# A bit of a change...



## hchan (Apr 26, 2011)

A little while ago, I mentioned that I wanted to make some bids for the Australian auction but couldn't any more because of a change in circumstances... Well it's pretty much a done deal now, so I can talk about it!

I will be relocating to Los Angeles for work for two years or so, probably within the next month. Mixed feelings from a orchid point of view. Good news is that I will have lots of paphs to choose from, a lot more. In fact just more orchids in general! Bad news is the orchids I have now probably won't survive my time away and also two years isn't really a lot of time to grow much of anything... I haven't decided what my orchid strategy will be once I'm in LA, I'm thinking of getting a small number of blooming size plants that I can enjoy while I'm there and then just selling them when I leave. What do you guys think??


----------



## Justin (Apr 26, 2011)

sounds like a plan. great stress relief to help deal with the new job


----------



## KyushuCalanthe (Apr 26, 2011)

Tough one to deal with. When you're on the go internationally you always have to think in shorter blocks of time. I'd focus on stuff you really like and have room for. LA isn't a place you'll have much room unless your rich!

Personally, after I cannot make it here in Japan any longer, I think I'm headed for a tropical place that isn't break neck expensive and just live out my last years on a small plot of land. Grow food and orchids and ferns and coffee and...

Or so goes the dream.


----------



## Heather (Apr 26, 2011)

Probably not the time to invest in sanderianum flasks! Good for you, that's a big change! What are you doing with your current plants? 

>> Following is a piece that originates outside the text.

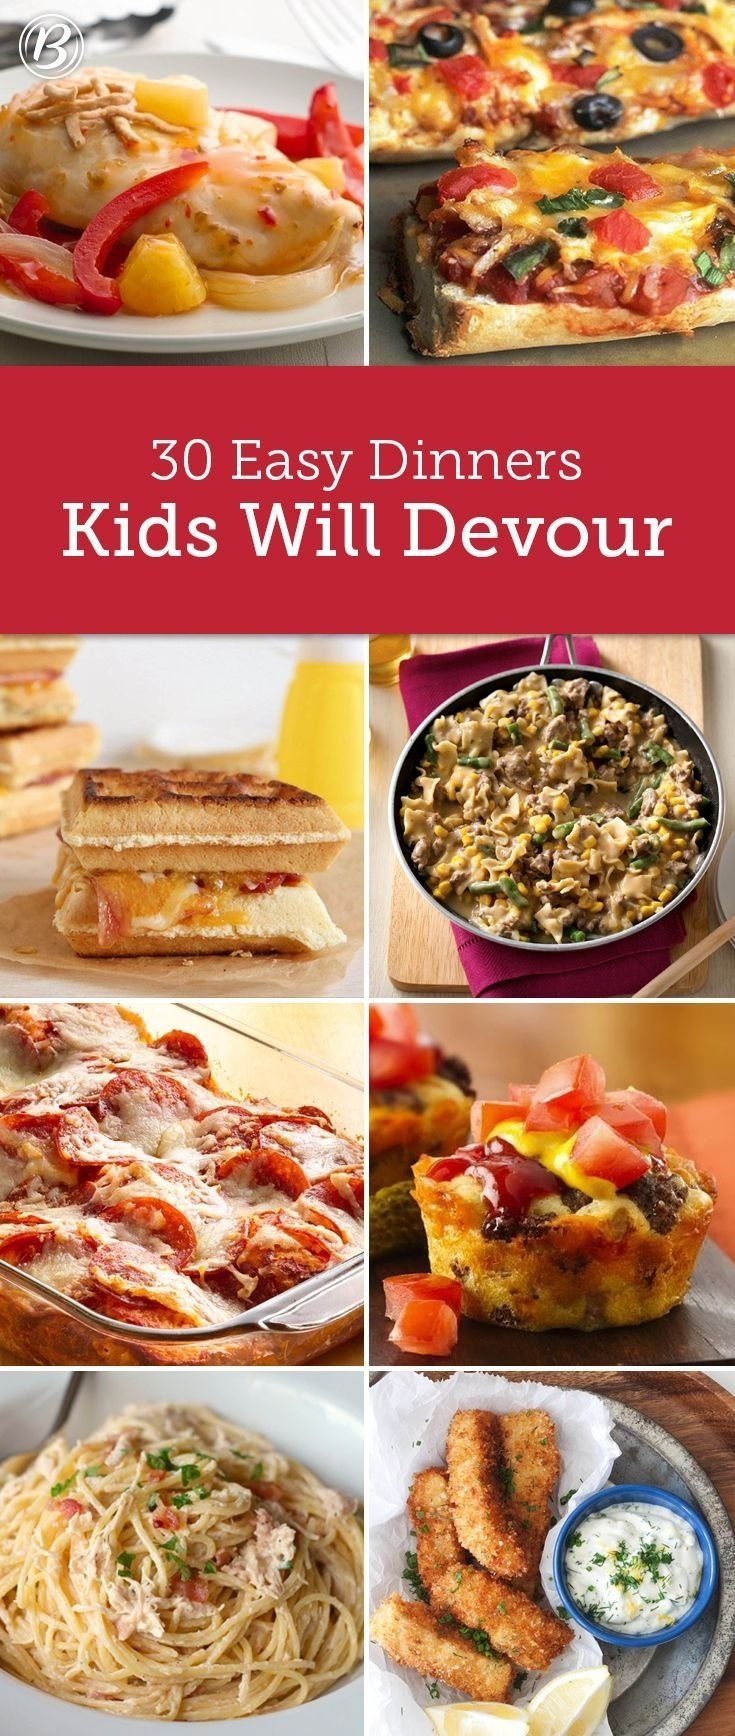 10 Lovable Healthy Kid Friendly Dinner Ideas 70 best food ideas for toddlers images on pinterest toddler food 2 2022

I must say that my small collection of Neos is keeping me quite sated. Haven't felt too much like re-establishing the giant paph collection since I moved out to Cali 2 years ago. I like the small fragrant ones and they bloom reliably every year with little care. There's a person on eBay who has pretty nice plants and they are generally not too pricey. I certainly wouldn't want to invest too money in the plants.


----------



## SlipperFan (Apr 26, 2011)

I think I'm glad I'm not in your shoes!


----------



## NYEric (Apr 26, 2011)

Hope you find a good home for your existng plants. I'd just pick a select group to try here, otherwise the addiction could overwhelm you!


----------



## hchan (Apr 27, 2011)

Thank you everyone for your suggestions 



KyushuCalanthe said:


> Tough one to deal with. When you're on the go internationally you always have to think in shorter blocks of time. I'd focus on stuff you really like and have room for. LA isn't a place you'll have much room unless your rich!
> 
> Personally, after I cannot make it here in Japan any longer, I think I'm headed for a tropical place that isn't break neck expensive and just live out my last years on a small plot of land. Grow food and orchids and ferns and coffee and...
> 
> Or so goes the dream.



 Oh, I'm certainly not rich and I won't have a lot of room. I'm probably going to go for a one bedroom apartment with a good aspect for growing orchids.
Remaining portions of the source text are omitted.